§ Data records:
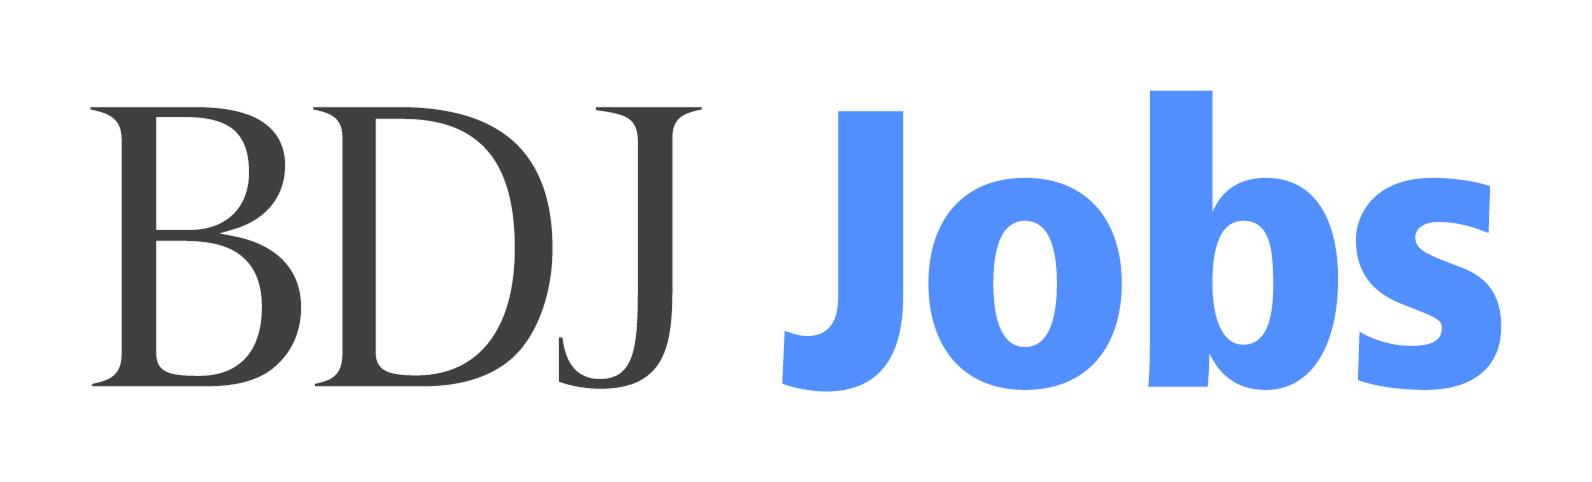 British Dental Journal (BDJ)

...

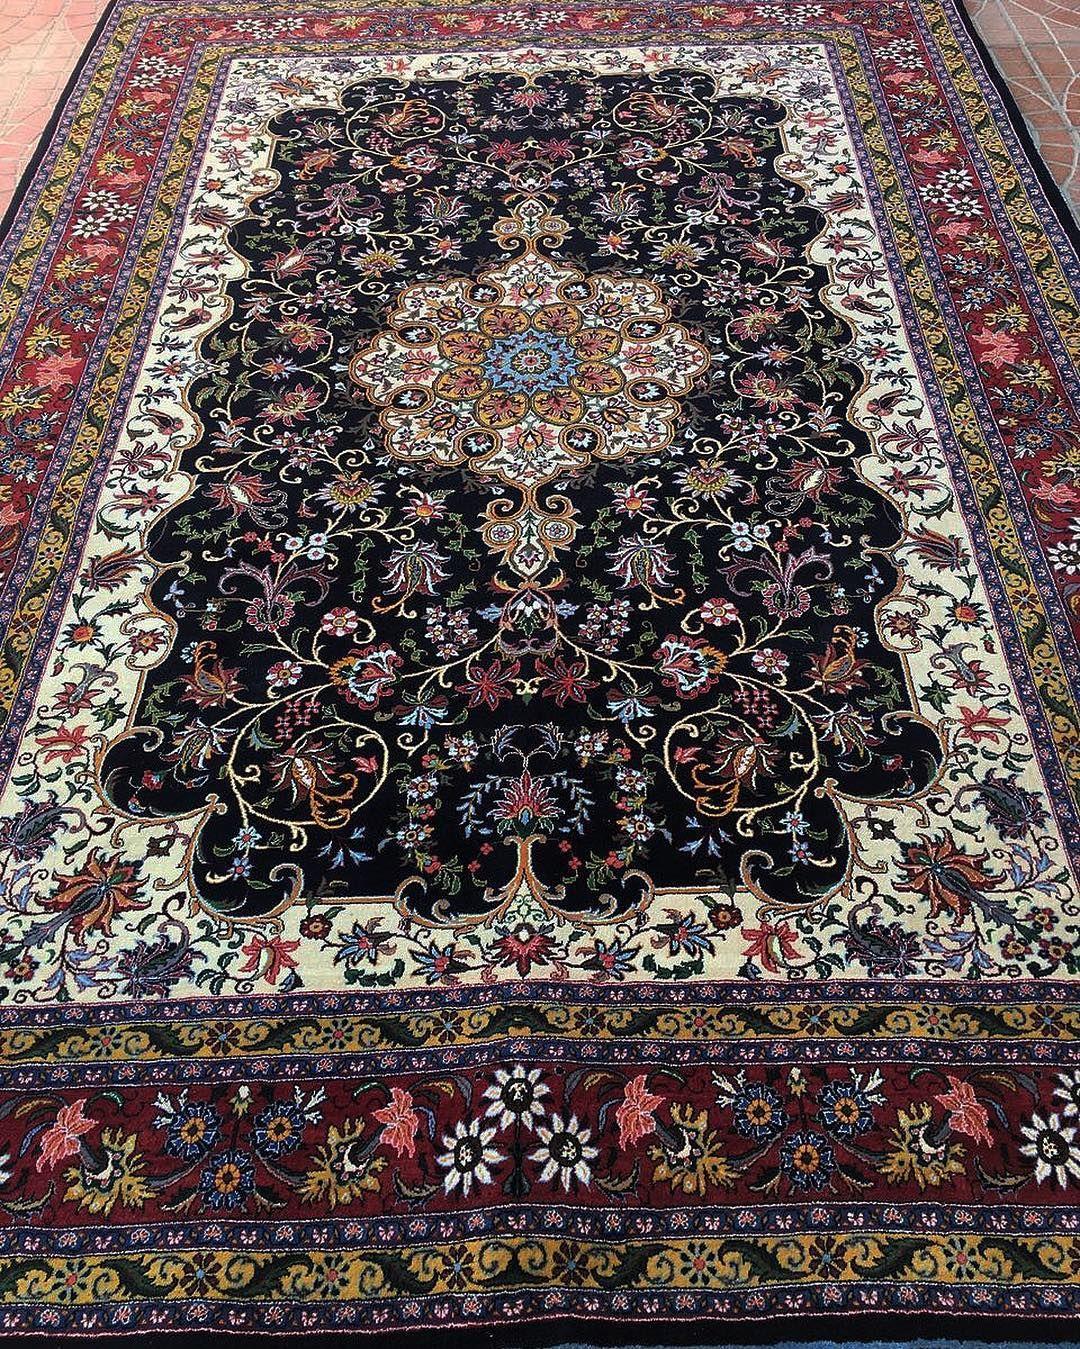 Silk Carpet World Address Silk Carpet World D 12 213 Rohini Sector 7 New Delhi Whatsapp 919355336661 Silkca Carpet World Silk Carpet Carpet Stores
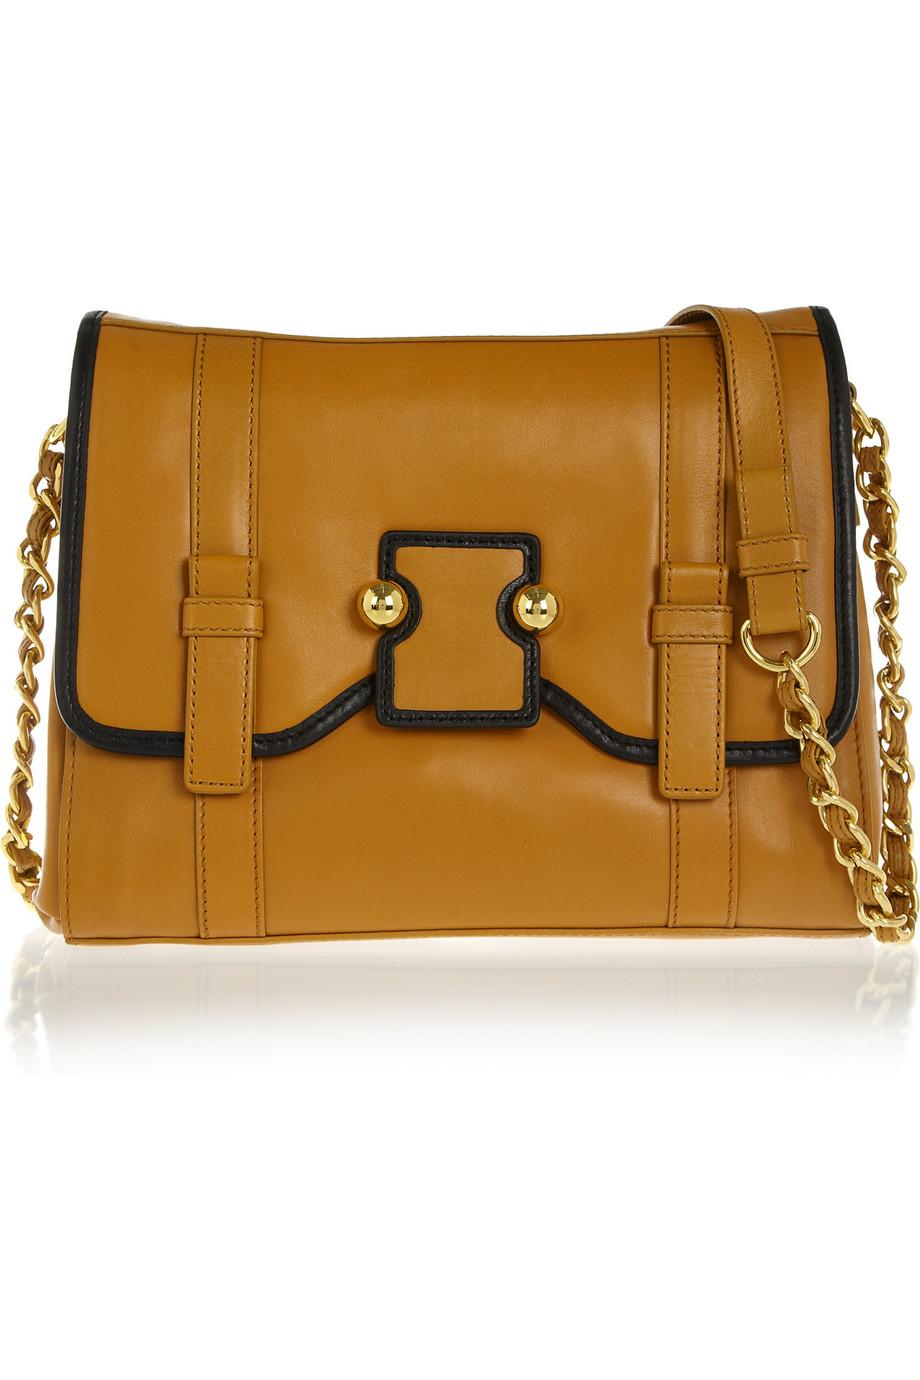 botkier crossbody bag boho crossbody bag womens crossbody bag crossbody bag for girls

==

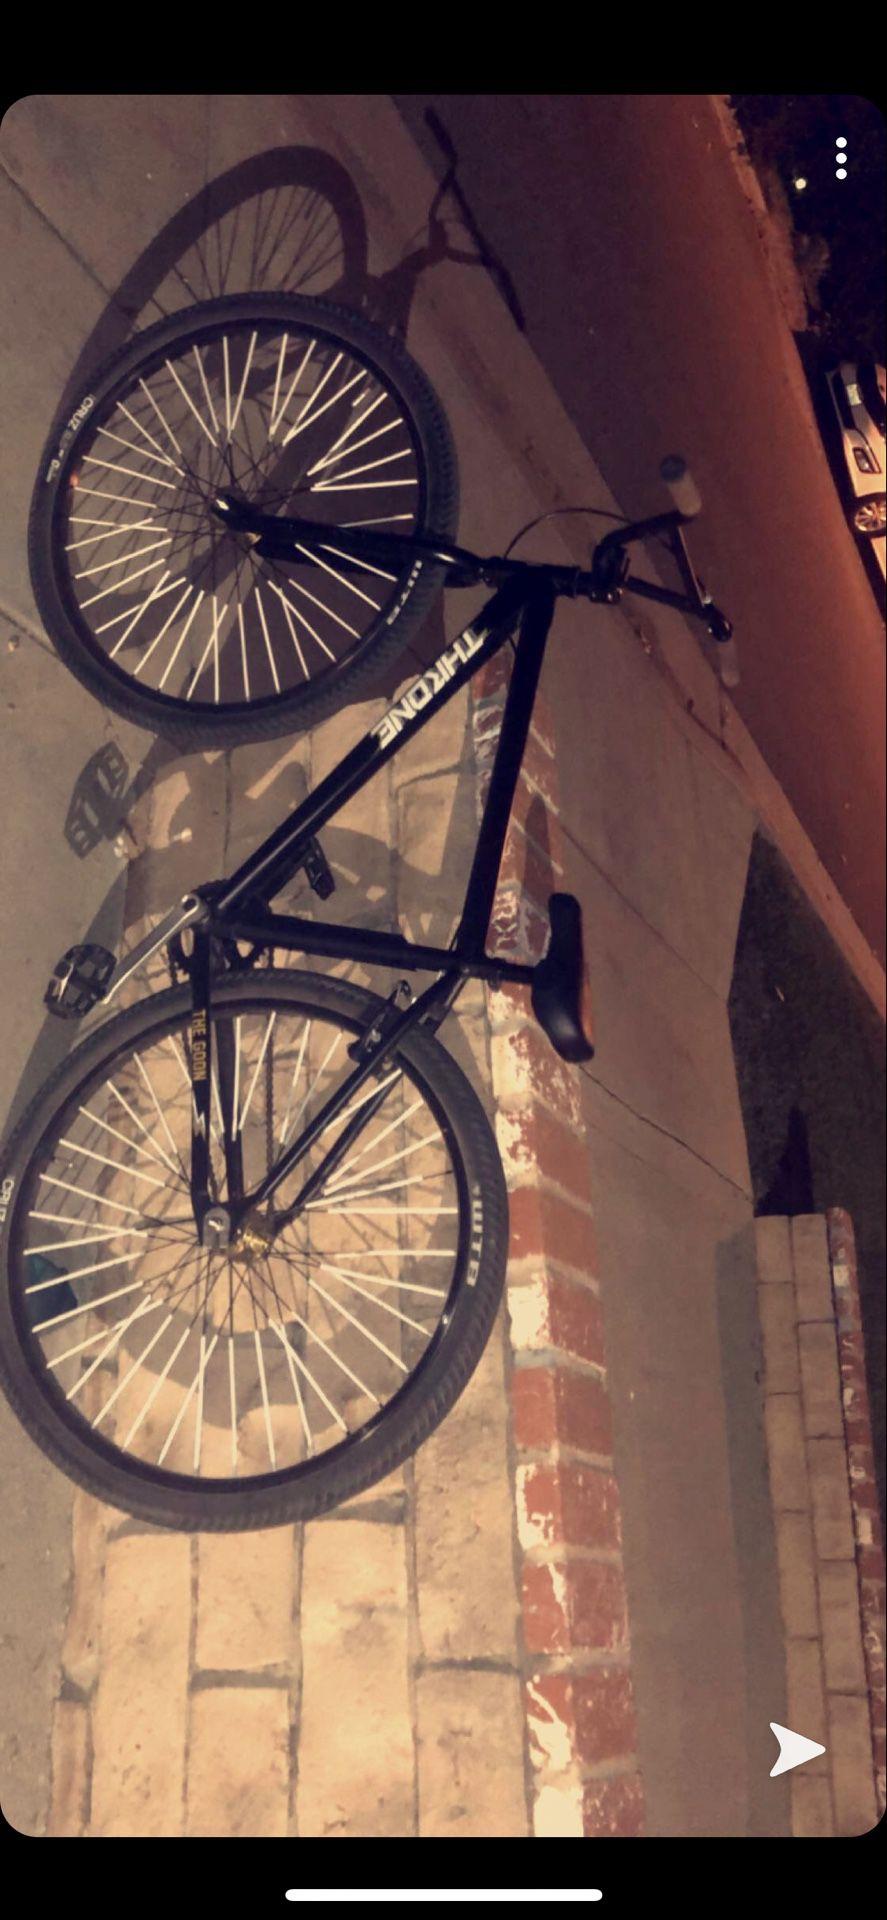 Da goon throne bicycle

§ Exercise directions:
Transcribe exactly the lines above, beginning at the one with "Silk Carpet World Address" and going up to and including the one with "botkier crossbody bag". Pictures do not belong in the copy.

§ Result of this exercise:
 Silk Carpet World Address Silk Carpet World D 12 213 Rohini Sector 7 New Delhi Whatsapp 919355336661 Silkca Carpet World Silk Carpet Carpet Stores
 botkier crossbody bag boho crossbody bag womens crossbody bag crossbody bag for girls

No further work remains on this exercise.